## Task description
When you transcribe the lines below, keep every word the same and leave the pictures behind.

## Recorded information

===

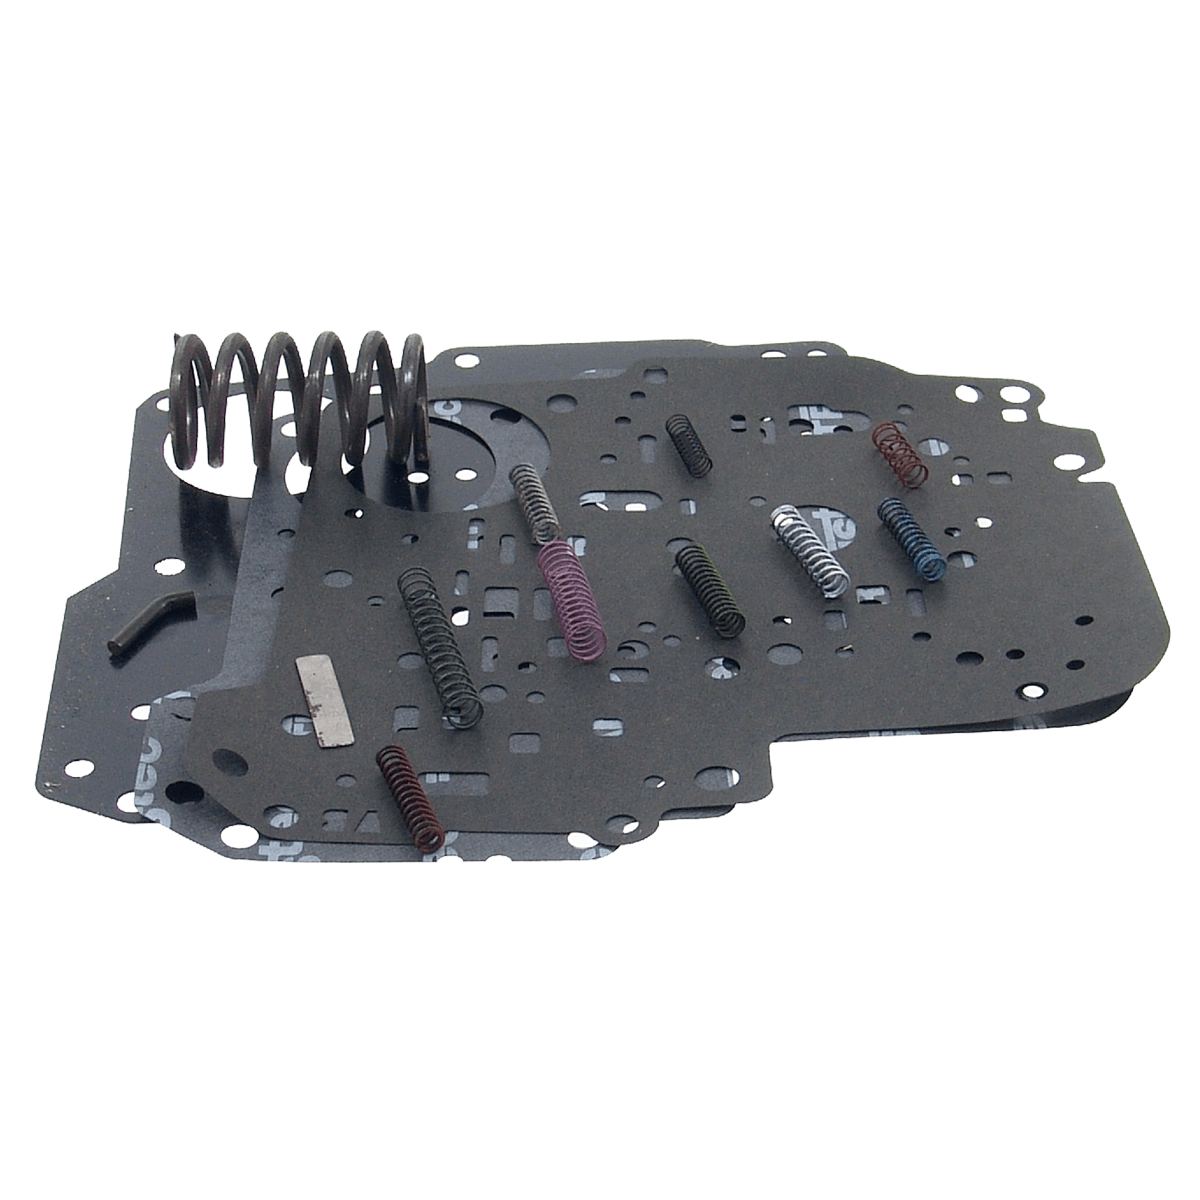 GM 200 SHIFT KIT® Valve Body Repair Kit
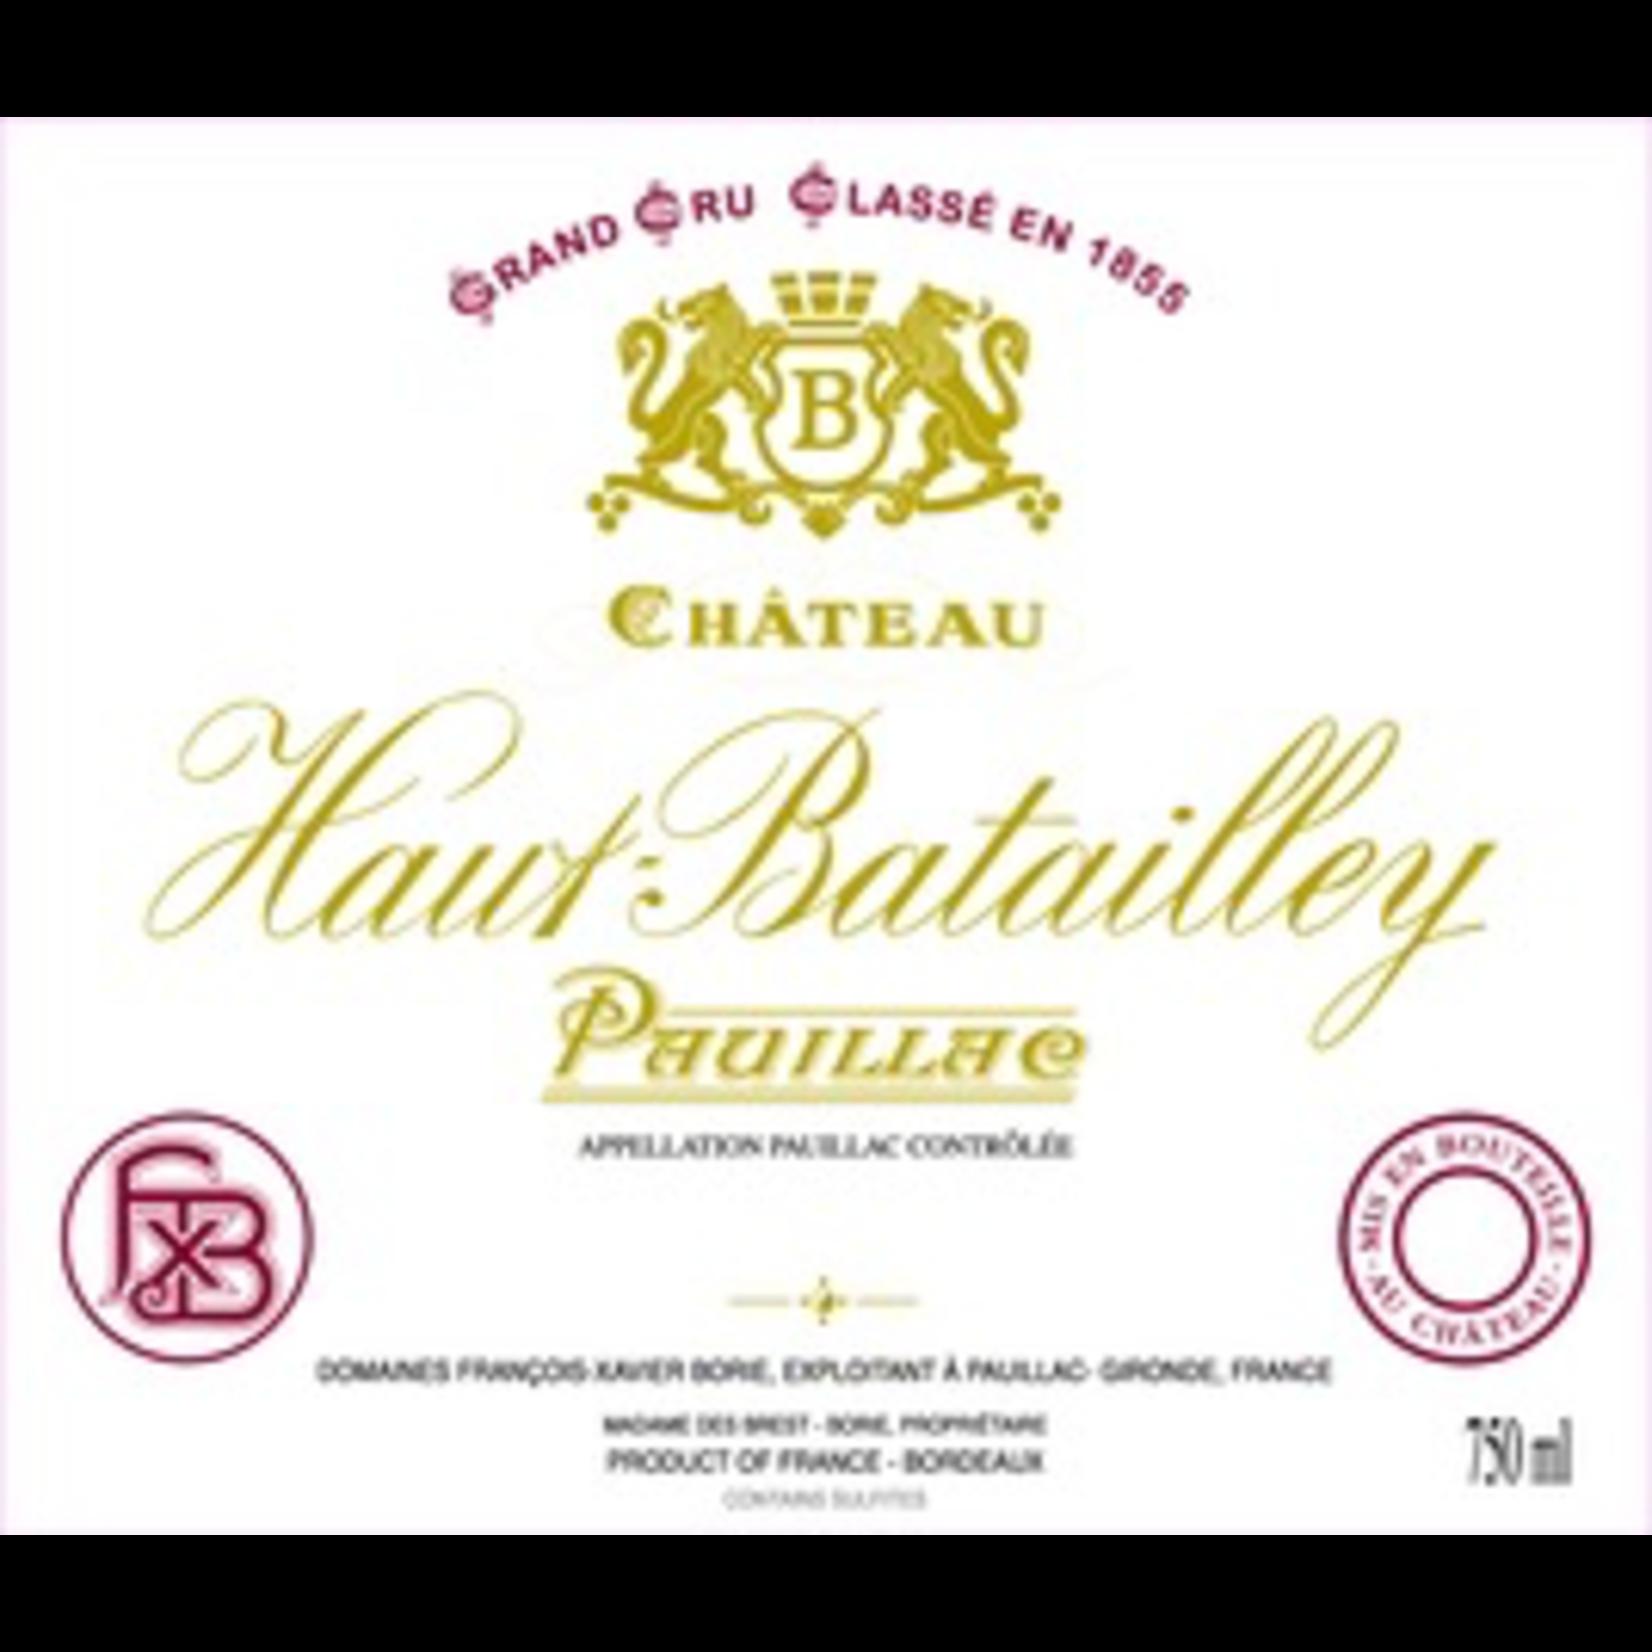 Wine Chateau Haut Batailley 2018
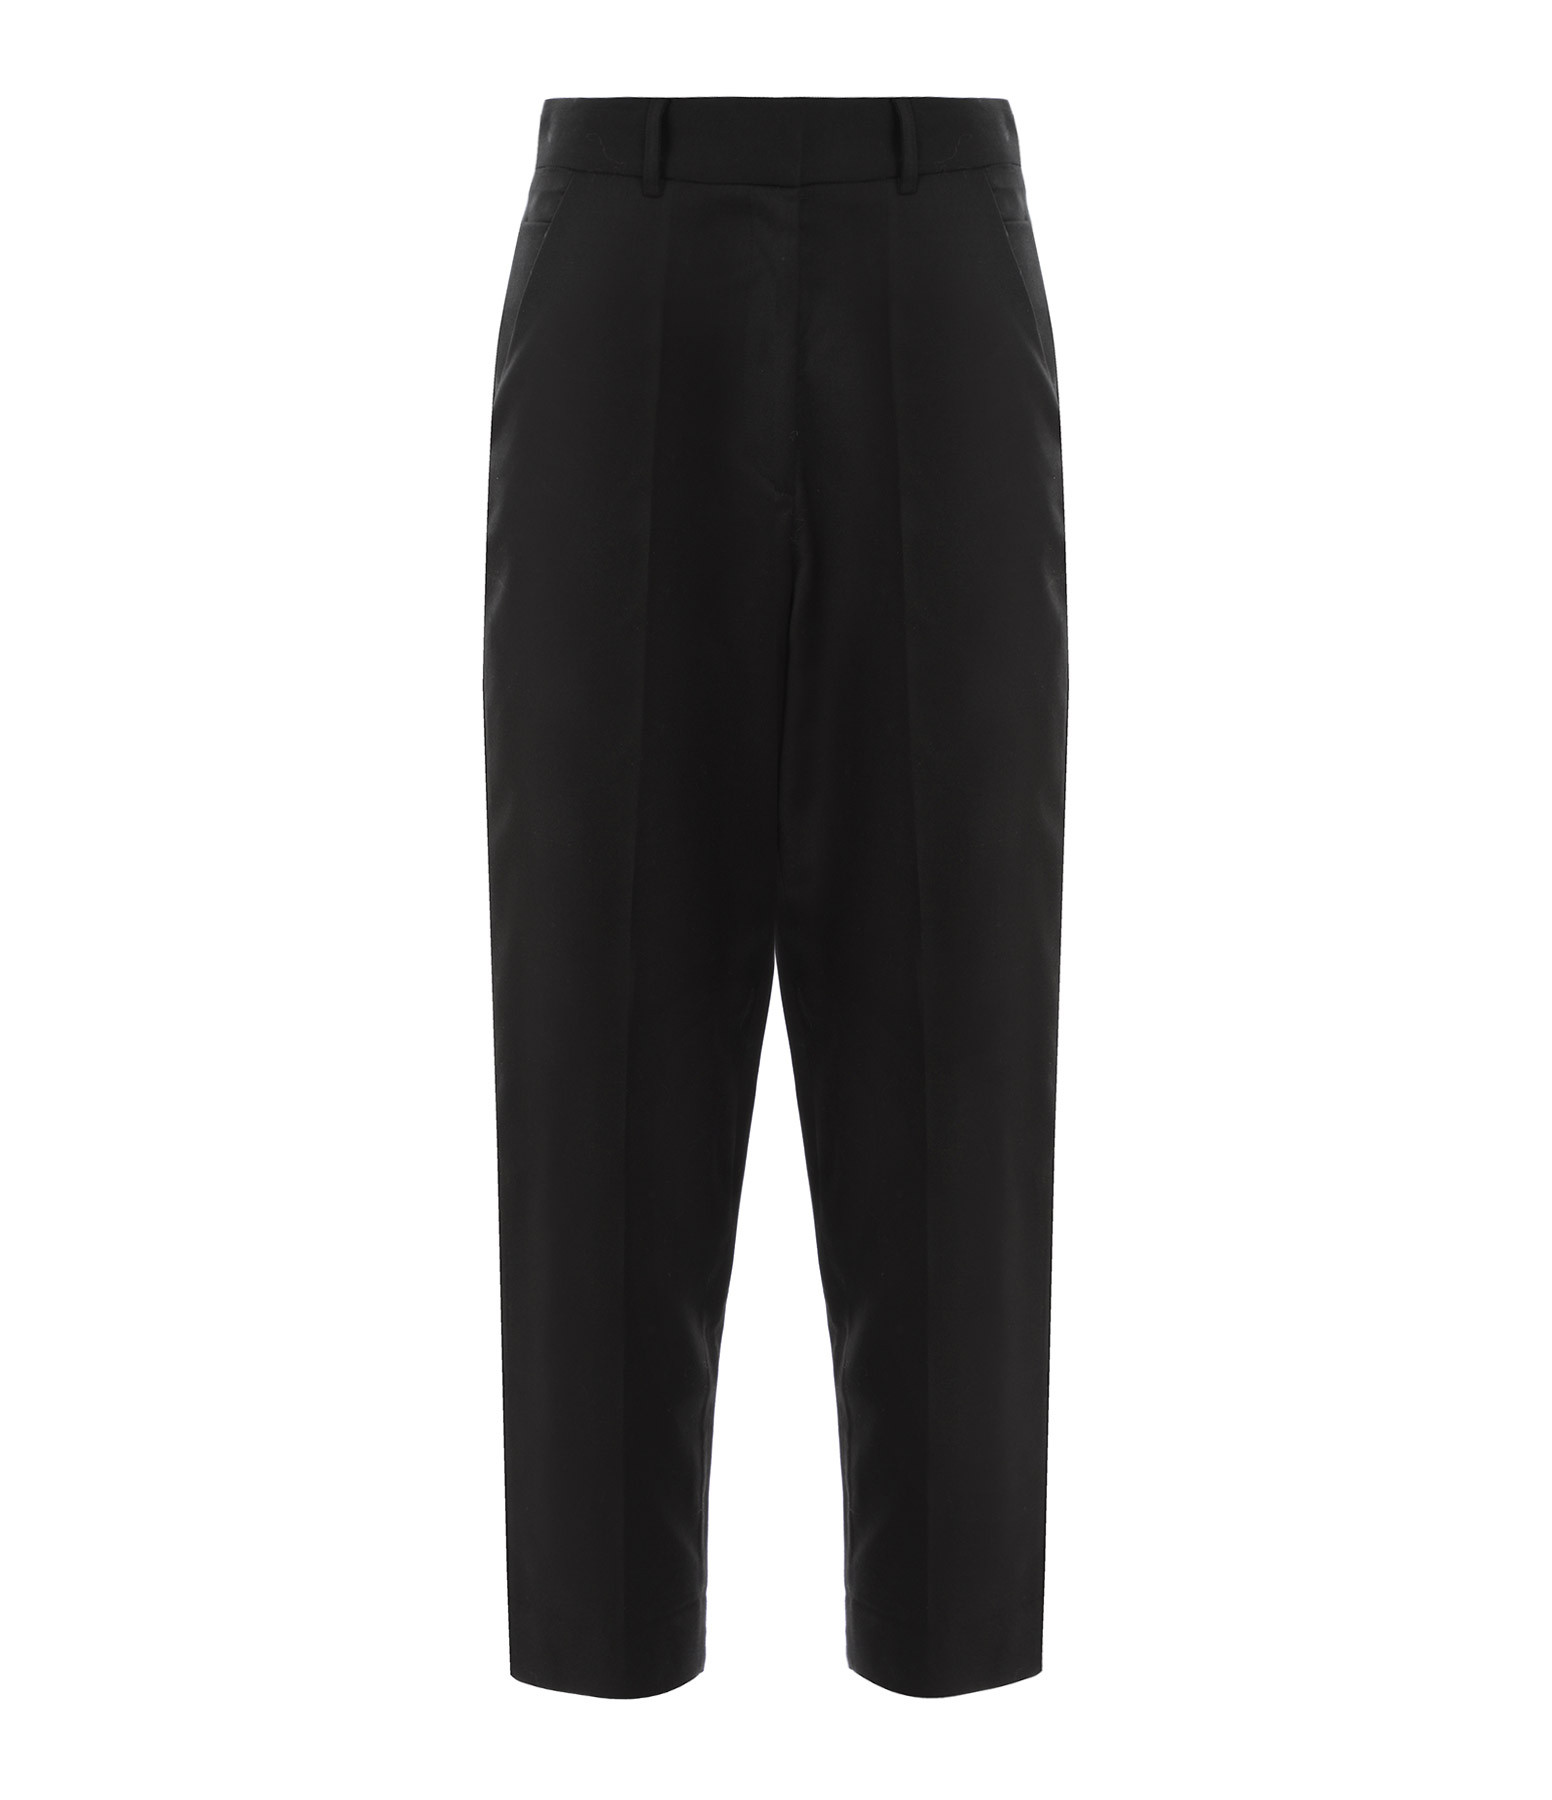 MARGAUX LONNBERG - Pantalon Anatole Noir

===

## Exercise result
 GM 200 SHIFT KIT® Valve Body Repair Kit
 Wine Chateau Haut Batailley 2018
 MARGAUX LONNBERG - Pantalon Anatole Noir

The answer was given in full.